There's help. You can add a runny egg if you're after a little more moisture, and there's a bone marrow burger, too. The latter comes topped with a tablespoon or so of butter mixed with bone marrow and porcini mushroom dust. The result is definitely moist, but it's still not juicy in that carnal way that fires up your salivary glands. It also costs 16 bucks. And why is marketing material screaming at me from every direction? In addition to the restaurant's name and logo, the t-shirts, the menus, the chalkboards and other materials are all punctuated by bright orange exclamation points. "No crap on tap!" cries the beer list, and that, at least, is true. You won't find Budweiser or Miller Lite sloshing around in the glassware here. Instead, the taps behind the bar pour locally brewed craft and other notable brews.

The people have come to drink. Show up at 8 p.m. on a Thursday and expect nearly an hour wait.

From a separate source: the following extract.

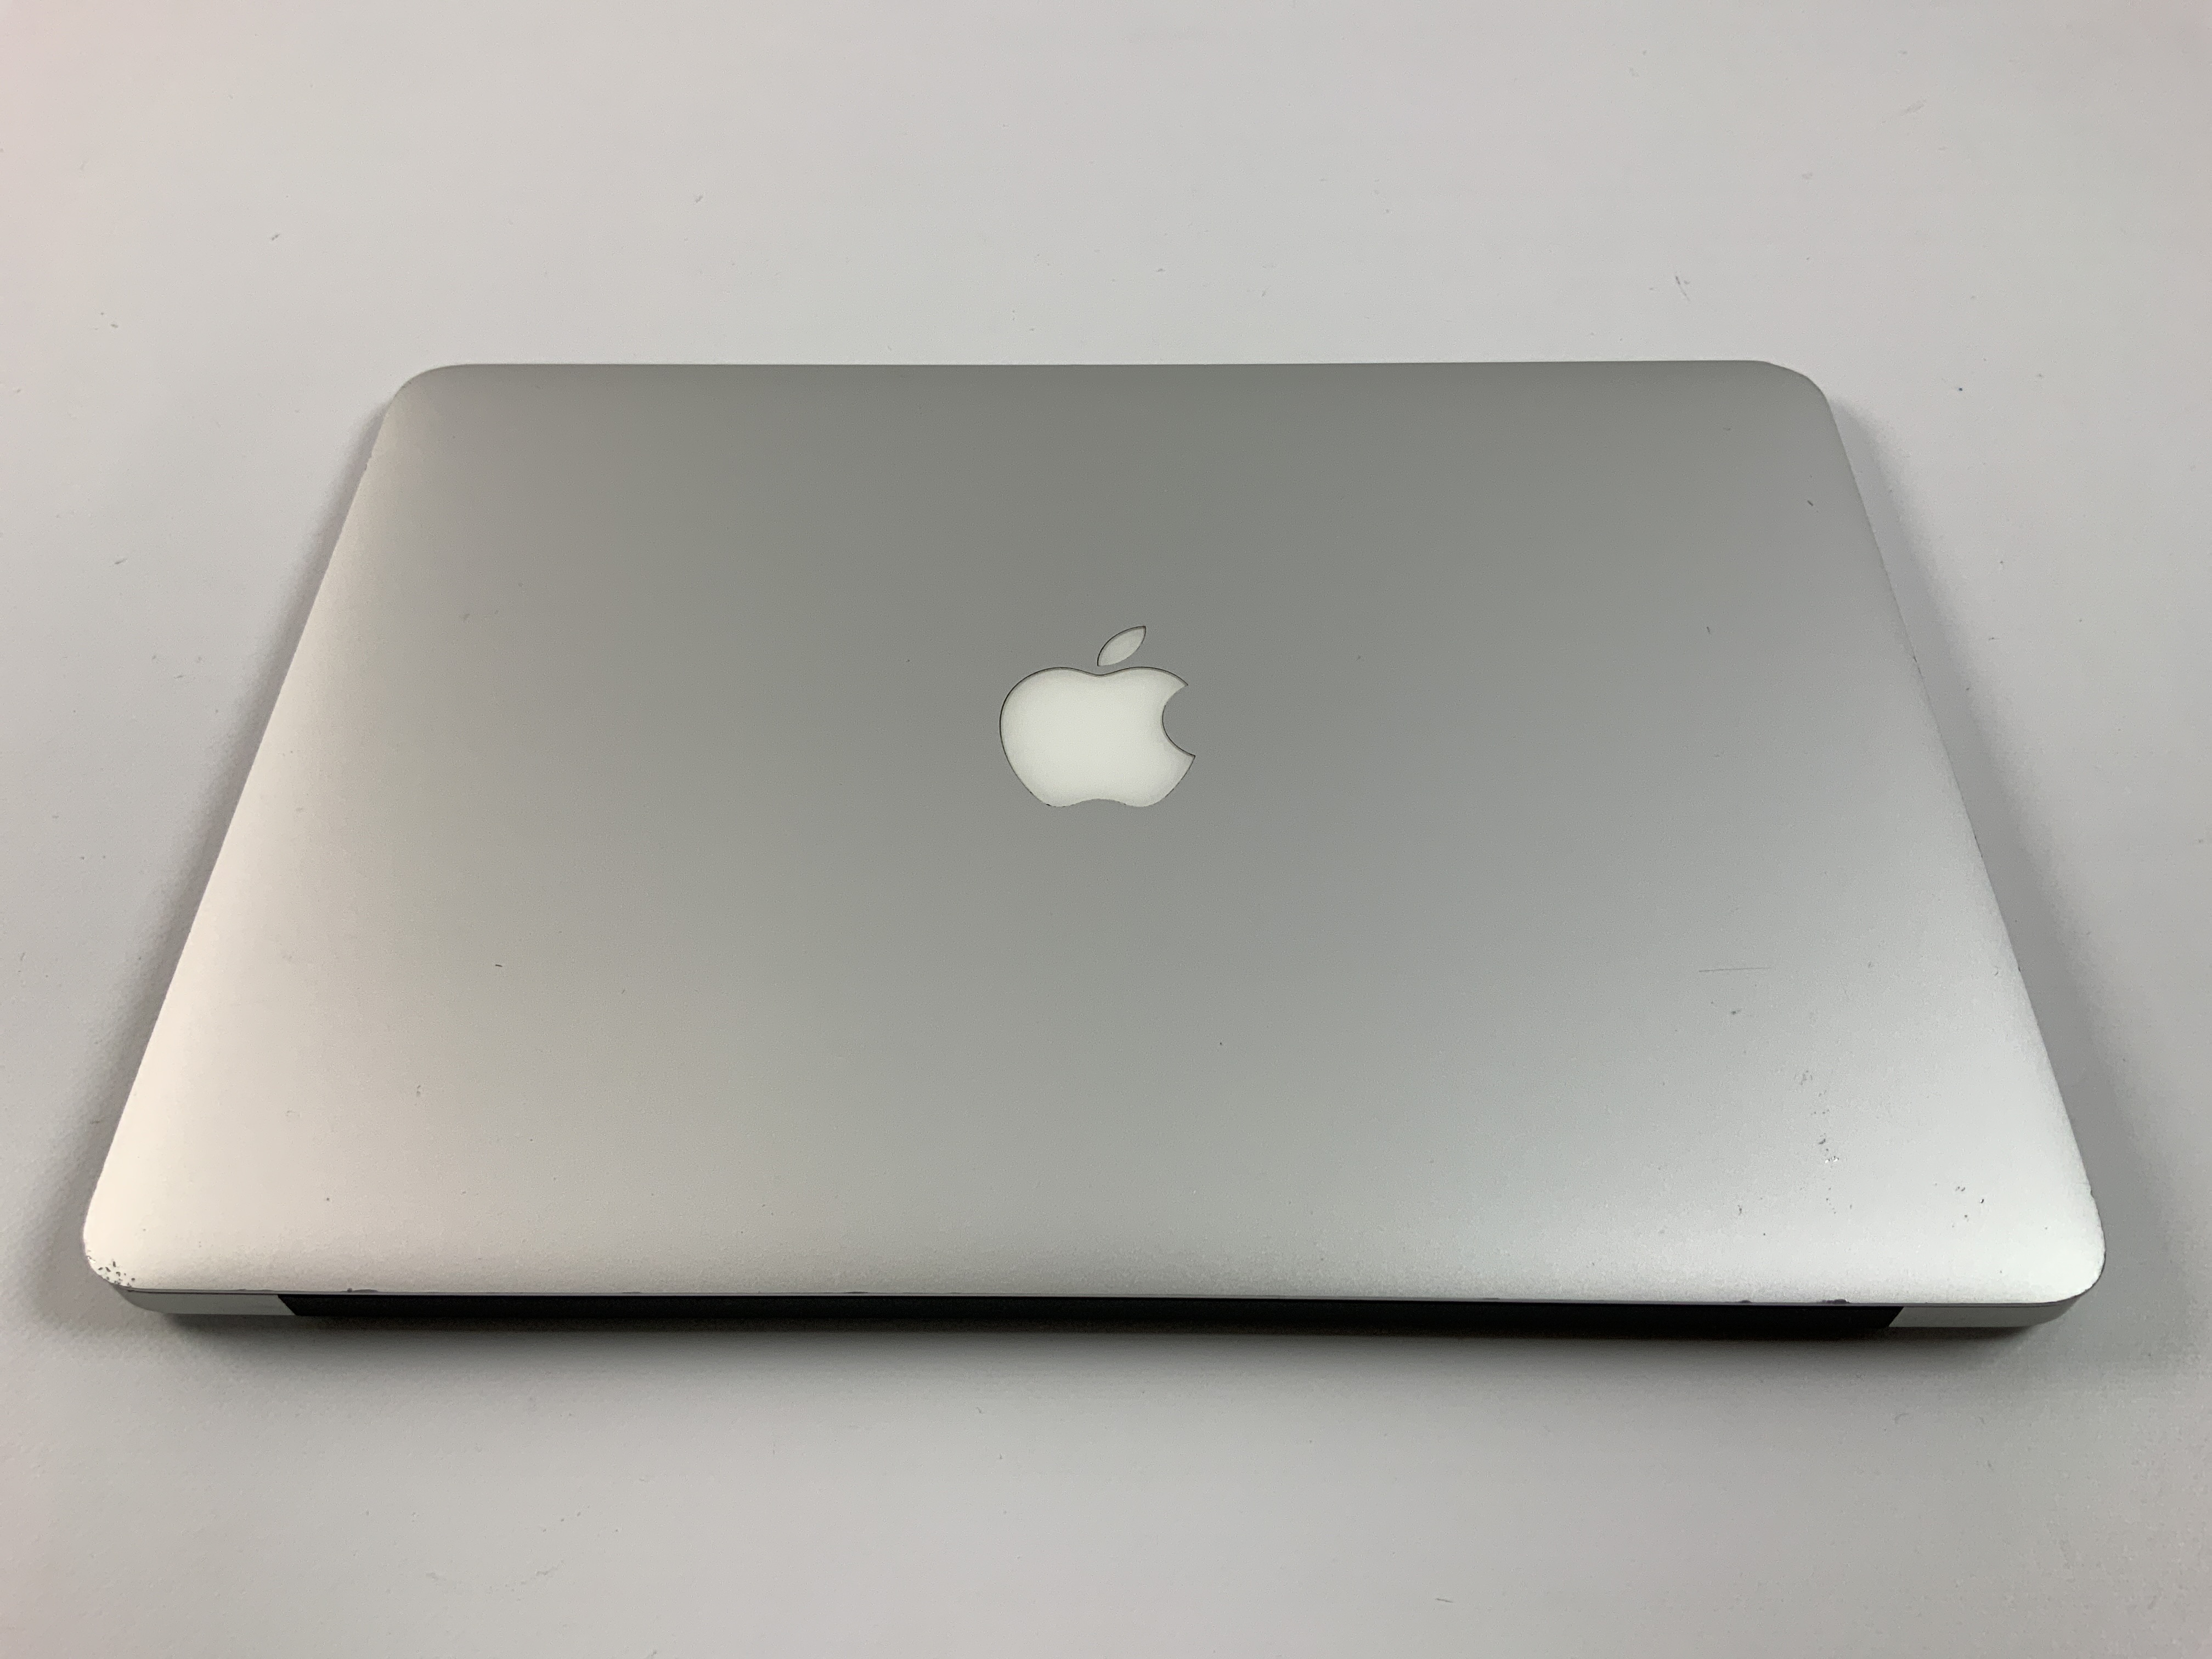 MacBook Air 13" Mid 2017 (Intel Core i5 1.8 GHz 8 GB RAM 256 GB SSD), Intel Core i5 1.8 GHz, 8 GB RAM, 256 GB SSD, Kuva 2

And don't think you can spend that time comfortably lounging at the bar; be prepared to battle for real estate. A row of high tops is pressed up against the bar, framing everyone into a box of overflowing beer glasses and jutting elbows. On a Friday night, several customers walked in, took one look at the fray and walked back out.

It's just as chaotic behind the bar, where the bartenders sling drinks to keep up with demand. On one visit I heard multiple pieces of glassware shatter, with nary a rabbi or newlywed in sight. These were the sounds of a long evening, the sounds of Eureka! revealing itself to be less restaurant and more party bar. A party with inconsistently cooked $16 burgers and chaos behind the bar, at that. L'chaim!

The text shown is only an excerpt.